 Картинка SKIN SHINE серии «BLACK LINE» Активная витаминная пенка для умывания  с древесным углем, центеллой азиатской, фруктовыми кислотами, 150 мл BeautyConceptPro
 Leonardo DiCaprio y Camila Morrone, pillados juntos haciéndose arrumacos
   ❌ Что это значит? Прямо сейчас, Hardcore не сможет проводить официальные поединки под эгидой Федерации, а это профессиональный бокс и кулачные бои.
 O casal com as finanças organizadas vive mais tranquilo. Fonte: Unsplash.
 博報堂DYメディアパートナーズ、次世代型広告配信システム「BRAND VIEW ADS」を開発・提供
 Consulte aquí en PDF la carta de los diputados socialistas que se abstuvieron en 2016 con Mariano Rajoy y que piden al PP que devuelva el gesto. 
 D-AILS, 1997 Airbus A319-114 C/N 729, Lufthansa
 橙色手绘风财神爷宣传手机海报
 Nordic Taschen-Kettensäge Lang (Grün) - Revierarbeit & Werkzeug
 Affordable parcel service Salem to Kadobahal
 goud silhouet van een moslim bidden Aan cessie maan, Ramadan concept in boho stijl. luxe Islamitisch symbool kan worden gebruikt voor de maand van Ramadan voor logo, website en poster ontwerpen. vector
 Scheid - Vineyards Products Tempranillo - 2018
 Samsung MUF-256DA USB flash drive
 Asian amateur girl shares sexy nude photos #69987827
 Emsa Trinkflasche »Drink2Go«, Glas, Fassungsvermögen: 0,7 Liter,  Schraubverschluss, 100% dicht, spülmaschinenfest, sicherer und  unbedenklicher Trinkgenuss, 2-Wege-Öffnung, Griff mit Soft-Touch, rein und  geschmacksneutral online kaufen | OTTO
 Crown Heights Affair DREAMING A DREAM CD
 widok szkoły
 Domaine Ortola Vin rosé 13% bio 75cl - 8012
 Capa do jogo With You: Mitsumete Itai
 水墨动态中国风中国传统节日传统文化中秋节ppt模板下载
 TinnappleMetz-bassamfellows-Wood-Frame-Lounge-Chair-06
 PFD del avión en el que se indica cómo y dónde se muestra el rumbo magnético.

══════════════════════════════

** Directions **
Repeat the data word for word.

** Task result **
 Картинка SKIN SHINE серии «BLACK LINE» Активная витаминная пенка для умывания  с древесным углем, центеллой азиатской, фруктовыми кислотами, 150 мл BeautyConceptPro
 Leonardo DiCaprio y Camila Morrone, pillados juntos haciéndose arrumacos
   ❌ Что это значит? Прямо сейчас, Hardcore не сможет проводить официальные поединки под эгидой Федерации, а это профессиональный бокс и кулачные бои.
 O casal com as finanças organizadas vive mais tranquilo. Fonte: Unsplash.
 博報堂DYメディアパートナーズ、次世代型広告配信システム「BRAND VIEW ADS」を開発・提供
 Consulte aquí en PDF la carta de los diputados socialistas que se abstuvieron en 2016 con Mariano Rajoy y que piden al PP que devuelva el gesto. 
 D-AILS, 1997 Airbus A319-114 C/N 729, Lufthansa
 橙色手绘风财神爷宣传手机海报
 Nordic Taschen-Kettensäge Lang (Grün) - Revierarbeit & Werkzeug
 Affordable parcel service Salem to Kadobahal
 goud silhouet van een moslim bidden Aan cessie maan, Ramadan concept in boho stijl. luxe Islamitisch symbool kan worden gebruikt voor de maand van Ramadan voor logo, website en poster ontwerpen. vector
 Scheid - Vineyards Products Tempranillo - 2018
 Samsung MUF-256DA USB flash drive
 Asian amateur girl shares sexy nude photos #69987827
 Emsa Trinkflasche »Drink2Go«, Glas, Fassungsvermögen: 0,7 Liter,  Schraubverschluss, 100% dicht, spülmaschinenfest, sicherer und  unbedenklicher Trinkgenuss, 2-Wege-Öffnung, Griff mit Soft-Touch, rein und  geschmacksneutral online kaufen | OTTO
 Crown Heights Affair DREAMING A DREAM CD
 widok szkoły
 Domaine Ortola Vin rosé 13% bio 75cl - 8012
 Capa do jogo With You: Mitsumete Itai
 水墨动态中国风中国传统节日传统文化中秋节ppt模板下载
 TinnappleMetz-bassamfellows-Wood-Frame-Lounge-Chair-06
 PFD del avión en el que se indica cómo y dónde se muestra el rumbo magnético.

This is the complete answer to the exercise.